Somehow, as talented as she is, Kimbra rocketed to prominence on a song she didn’t even write. Her success as a featured artist on Gotye’s “Somebody That I Used To Know” earned her two Grammys and made her the first New Zealander to have a US #1 hit. This paved the way for her own songs to subsequently live long and happy lives on the Billboards.

But Kimbra has been winning songwriting awards and accolades for most of her life. Already accomplished and contest hardened as a kid, it was her second single, “Simply on My Lips,” a New Zealand release caught the ears of British producer Mark Richardson and she was auditioned, then signed to Warner Bros.
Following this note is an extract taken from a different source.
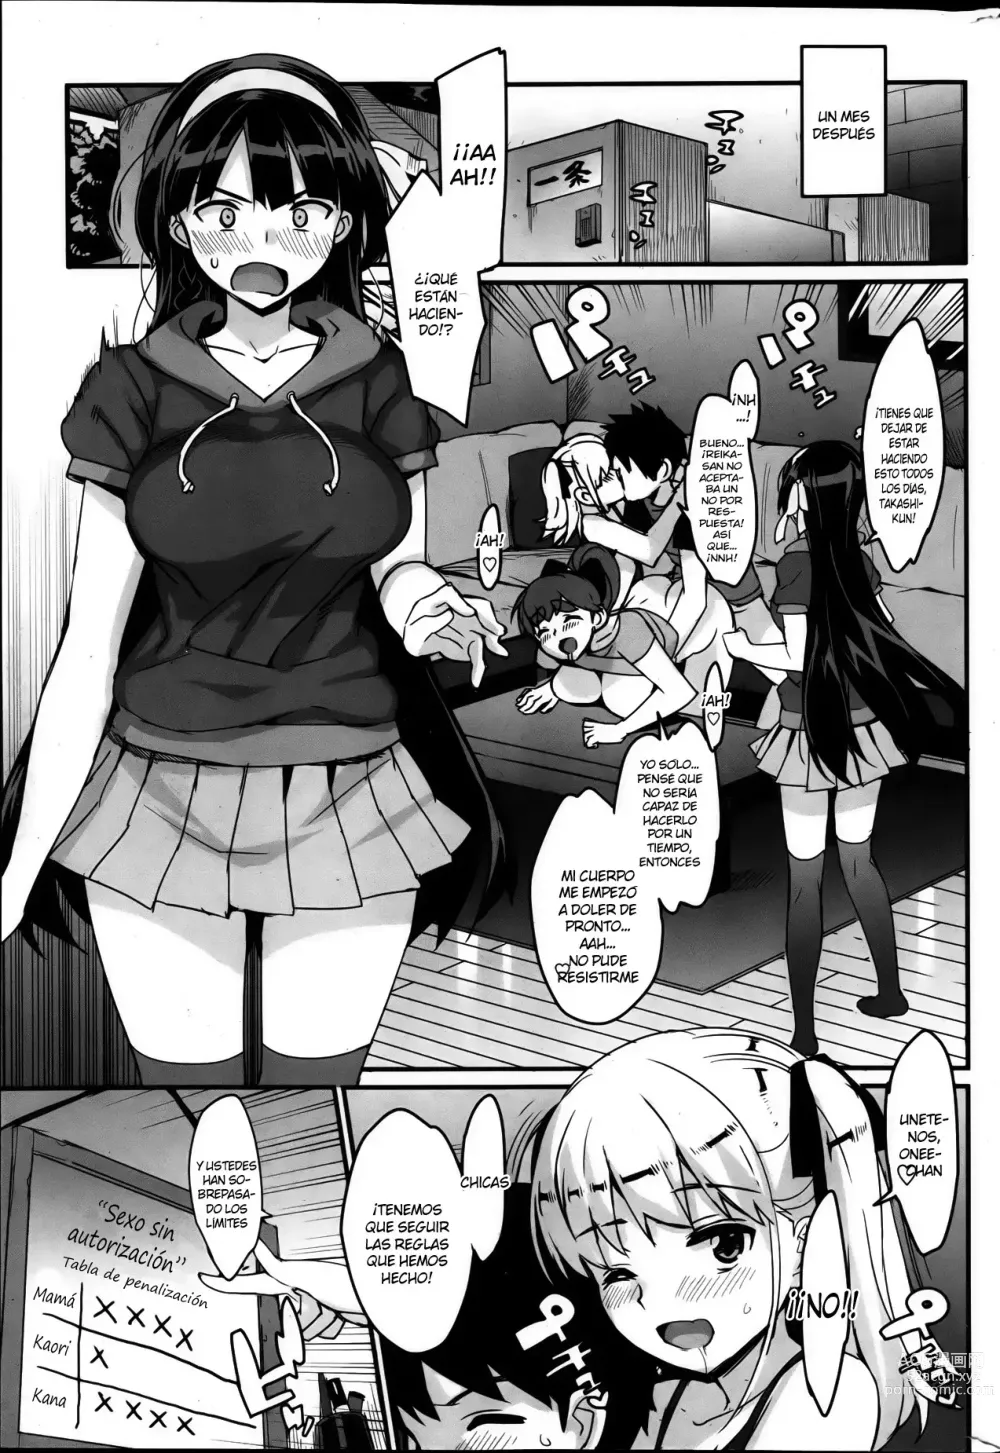 Page 145 of manga Katekano!

She then relocated to Melbourne at 17 years old to work on her debut album, Vows.

Once there, she set about her focused pursuit of pop princess-dom underpinned by musical artistry. Her signature hyper-capable vocals, guitar chops, and growing studio competence plus her increasingly individual lyricism and sonic explorations become a heady mix. Creative with a capital C, her visual representation was also dramatic, eclectic and fearless; a complete package, her work ethic and performance well-covered.

With time has come maturation, a broader thematic outlook, connection and collaborations with multiple artists across more genres than you can shake a stick at. And now we can look back on Kimbra’s extremely strong, empowered catalog and reflect.

Below is a detailed trip through my four favourite Kimbra songs and why I love them, and remember to check out her brand new course on Soundfly here.

1. “Goldmine”

From her second album, The Golden Echo, “Goldmine” is a fine display of trademark Kimbra-isms. She always brings such great groove from the get-go. Here with a nod to the chain gang, she builds single note vocals into chordal beds and happily matches acoustic with electronic textures. The track is dusted with the pitter-patter of synth arpeggios and sonics. But the infectious rhythm never dulls.

Kimbra is nothing if not dynamic — both vocally and in her song structures. A key example can be found in this song’s pre-chorus, which strips back to the intimate in lyric and arrangement before ripping into a full-throated multi-vocal chorus.

The slight menace in her pop-to-the-left also comes from the D minor chord progression ( i-VI-iv-v) and the surprise borrow from a parallel major (D major – I) in the second part of the verse. She tweaks the unease with a three-line pre-chorus while her verse-chorus paradigm is a solid four lines.

Lyrically, it’s darkly metaphorical with old school preachings, simple images spun into evenly accented spondees (“mud lands, white sound, dark night, cold ground”) before the single color accent (“gold!”) is let loose repeatedly in the chorus. This is mirrored in the accompanying video.

Melodically, it’s highly singable. I had the privilege of playing an unplugged solo acoustic guitar version of “Goldmine” with a mixed ability drama class of 25 kids for an end of the year concert, and it worked a treat. They devoured the Old Testament references, hammed the emotive pre-chorus and sang the living bejesus out of that chorus!

2. “The Build Up”

Kimbra’s tunes translate, yet remain great vocal vehicles for her own considerable skills.  She can use her voice to lure an audience into a potentially discomforting arena cossetted by her chart-dwelling repertoire.

“The Build Up” is the final track on Kimbra’s debut album, Vows. It was both a surprise end to a finely wrought pop album and a portent of what was on the horizon for an artist with such a refined aesthetic palette. Can’t imagine it was a label pleaser, but Kimbra ain’t vanilla!

The version I love is a two-minute micro track enmeshed with her Archibald Prize-winning portrait featuring young woman in red dress on a sumptuously manchestered bed, reflective, regretful, cataloguing wants without obligations. The scansion in the lyrics solidifies the rhythm and underlines the repetition, which forgives the lack of a chorus, but oh how it builds…up!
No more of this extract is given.